All dilutions were performed in phosphate buffered saline (PBS) 1X. The lengths of all steps are detailed in Supplementary Table S3. After the culture period, the cells were fixed on the chip with PFA (4%). They were then permeabilised using a solution containing bovine serum albumin (BSA, 1% w/v), EDTA (5.37 × 10−1µmol/L), and triton-X-100 (0.1% v/v). They were blocked with BSA (3% w/v) and incubated overnight at 4 °C with primary antibodies diluted in BSA (1% w/v) (Supplementary Table S4). The cells were then washed with a solution of tween 20 (0.1% v/v), and incubated at room temperature for 2 h with secondary antibodies diluted in BSA (1% w/v) (Supplementary Table S4). They were washed again with the tween solution and finally with milliQ water. Fluorescent images were recorded using either an EVOS™ FL Auto Imaging System or a Leica SP8 confocal microscope and analysed using Fiji software41,42, as detailed in the Supplementary information.

Human albumin secretion quantification

To measure the quantity of albumin produced on chip, the medium going out of the device by the medium channel was collected every 4 h at different days of culture and stored at − 80 °C. An enzyme-linked immunosorbent assay for the quantification of human albumin was used according to the manufacturer’s instructions (E80-129, Bethyl laboratories, Montgomery, TX, USA).

Toxicity assay

Chips were loaded with differentiated HepaRG cells and cultured for 14 days in differentiation medium under flux. They were then exposed for 6 days to a solution of 2 mM APAP in the same medium that was previously used. The APAP was diluted from a perfusable solution at 10 mg/ml used in the clinic (CIP 34,009 576 910 73, Macopharma, Mouvaux, France).

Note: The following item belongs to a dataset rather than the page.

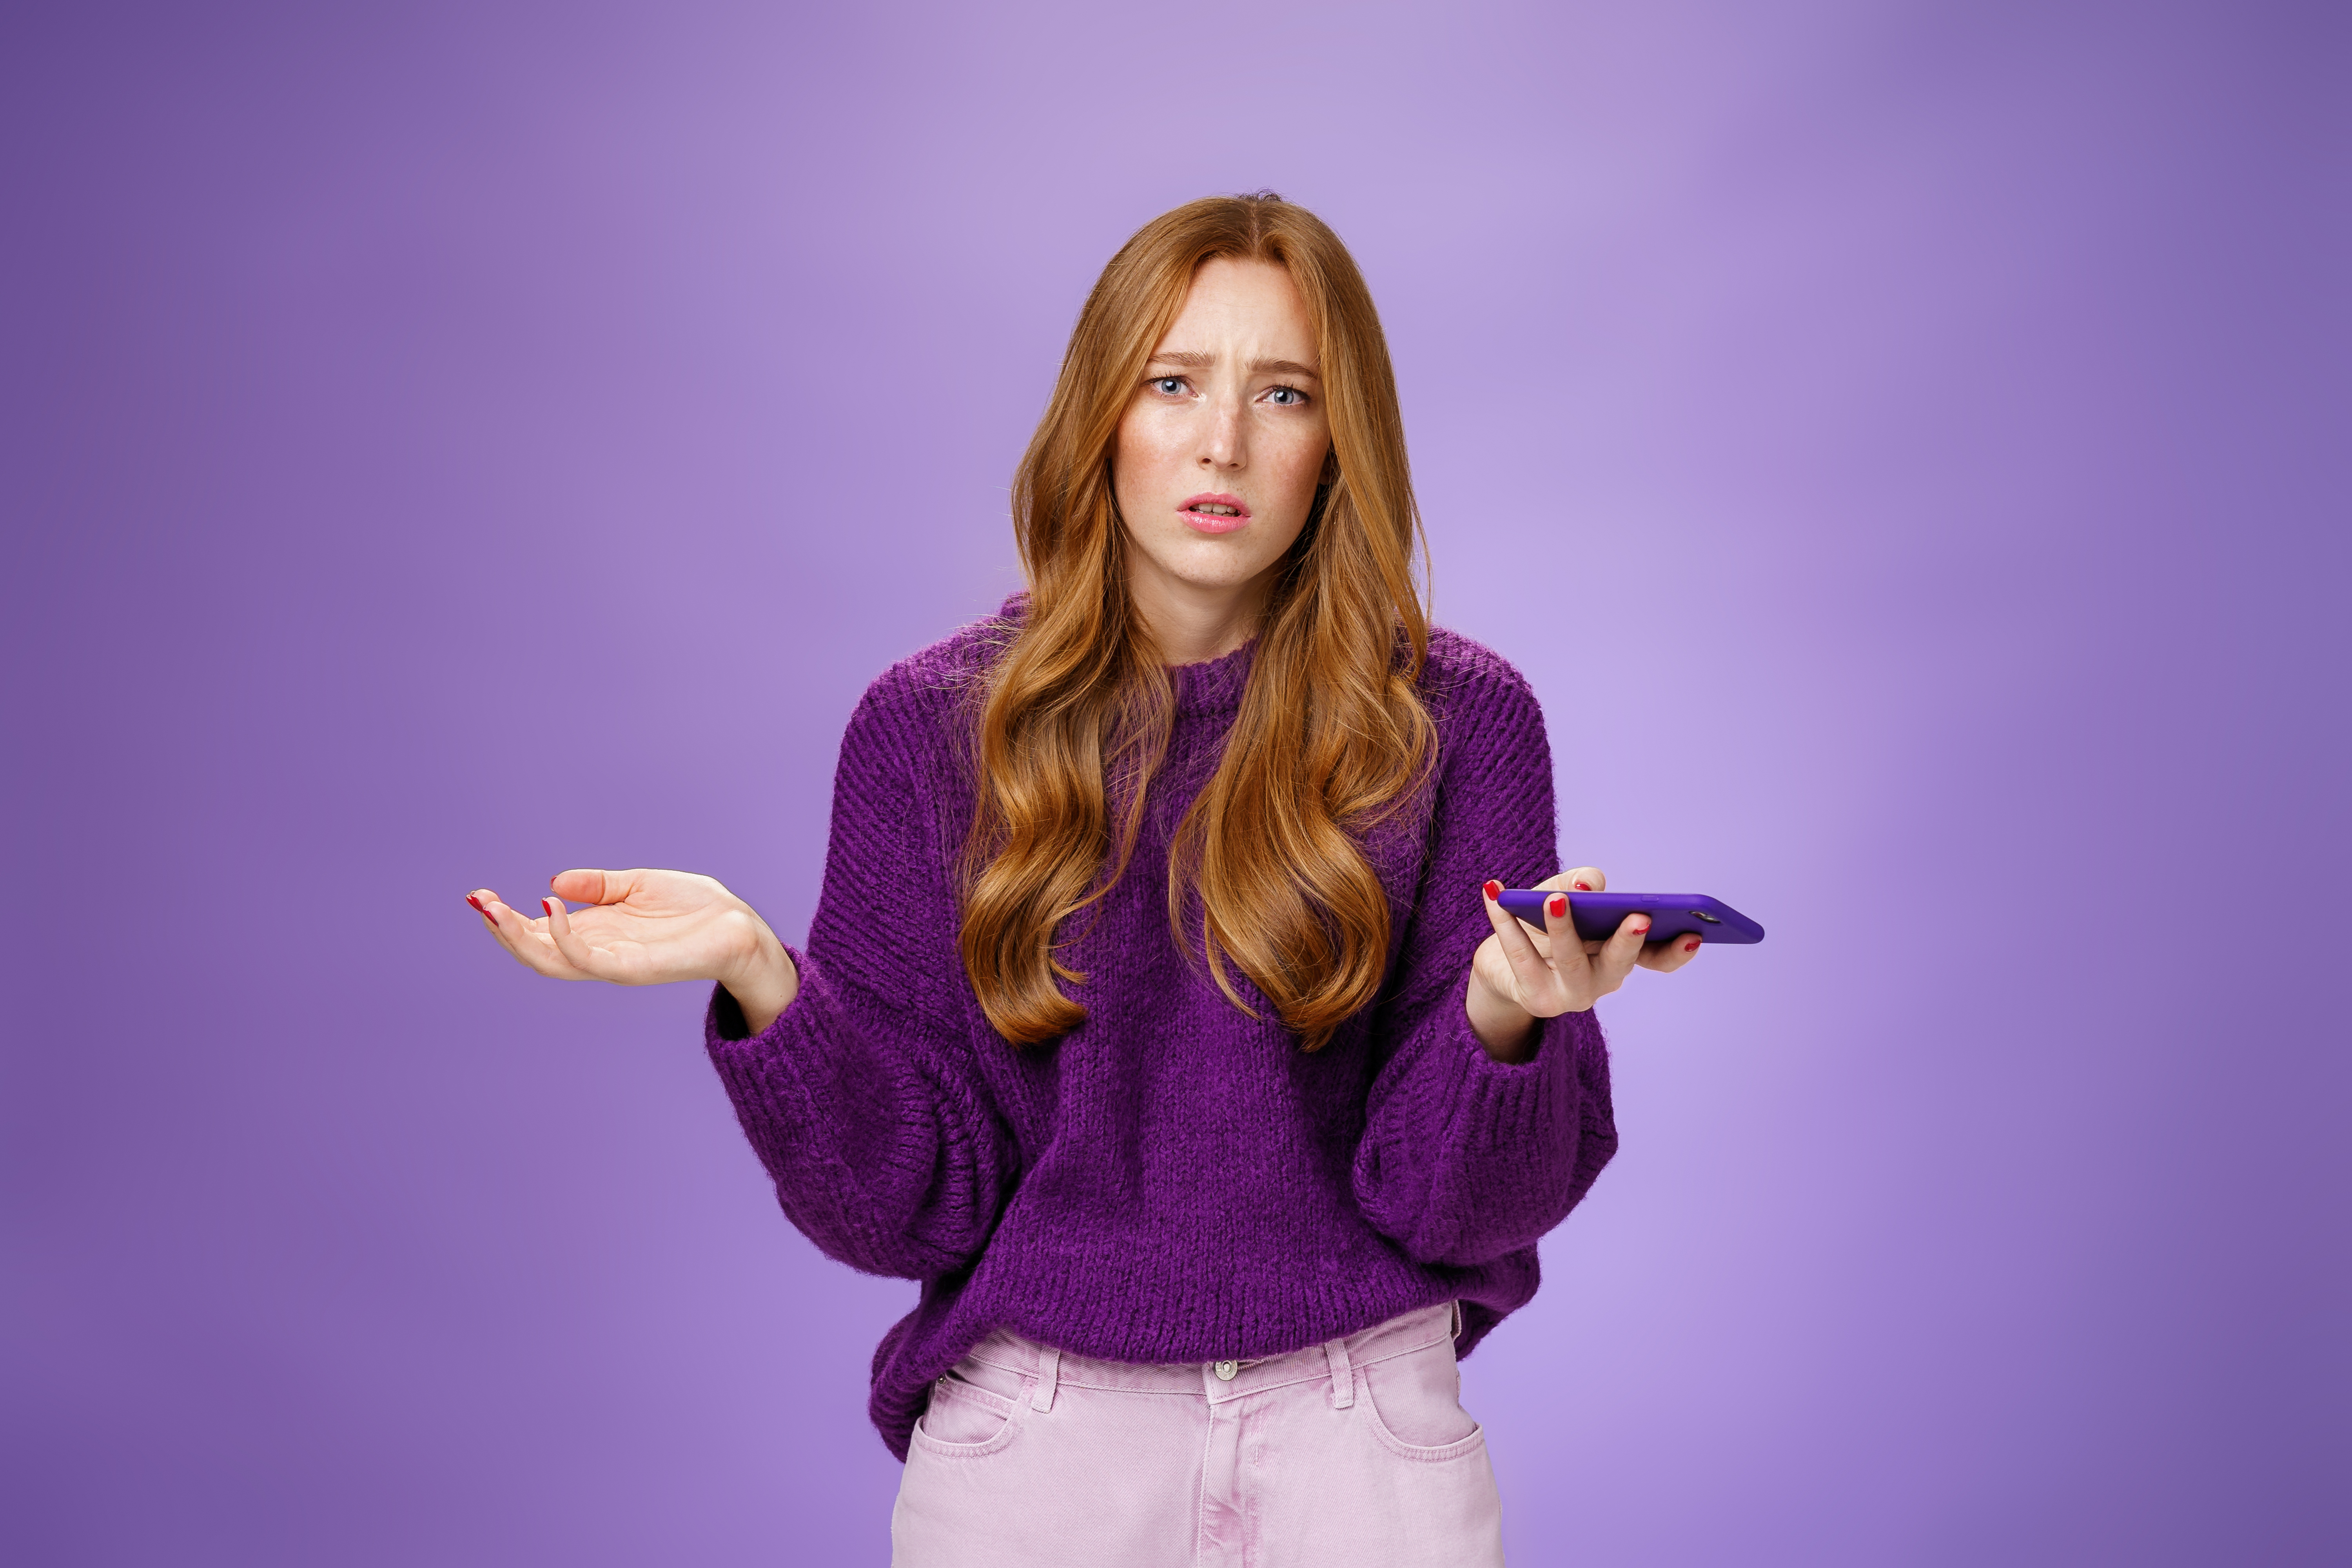 Clueless and sad cute redhead woman spread hands sideways frowning disturbed and upset holding smartphone being questioned and clueless why mobile phone not working, posing over purple wall

Syringes were changed every 3 to 4 days. Cell morphology inside the chambers were assessed by phase contrast imaging at day 0, 1, and 6 of treatment. At day 6, cell viability was assessed with NucBlue™ reagent and propidium iodide. The viability calculation process is detailed in the Supplementary information. The chips were then fixed and stained for ZO-1 and MDR3 markers, and imaged with an EVOS™ FL Auto Imaging System. Images were deconvolved as detailed in the Supplementary information. As 2D control, well plates containing 14-day differentiated cells were cultured for another period of 14 days (for a total of 28 days in differentiation medium). They were exposed to 0, 1, 2, 5, 10, 20, and 40 mM APAP for 24 h or 2 mM APAP for 6 h. Cell viability was assessed with NucBlue™ reagent and propidium iodide (15 min incubation at 37 °C), as detailed in the Supplementary information. The 6 h treated wells were fixed and stained for ZO-1 marker.

Statistical analysis

All variables were expressed as means ± standard deviations. The comparison of cell viability on chip after 6 days of APAP treatment or no treatment was performed by a Student’s t test. A p value of less than 0.05 was regarded as statistically significant.

Simulations

A 3D COMSOL Multiphysics® model (COMSOL AB, Stockholm, Sweden) was used to estimate the distributions of velocity and shear stress within the device. Twenty chambers in series and containing no cells were modelled. We chose a creeping flow rate for water at 37 °C coupled with the transport of dilute species for oxygen. A flow rate was imposed at one inlet of the medium channel. Pressure was set at 0 Pa for the three other outlets. The oxygen consumption rate was set at qO2 = 5 × 10–17 mol/s/cell and Michaelis–Menten kinetics were used to describe the reactions within the chambers11,43,44,45,46,47. To simulate tissue-loaded chambers, different values of this gas diffusion coefficient were investigated. These simulations are detailed in Supplementary information.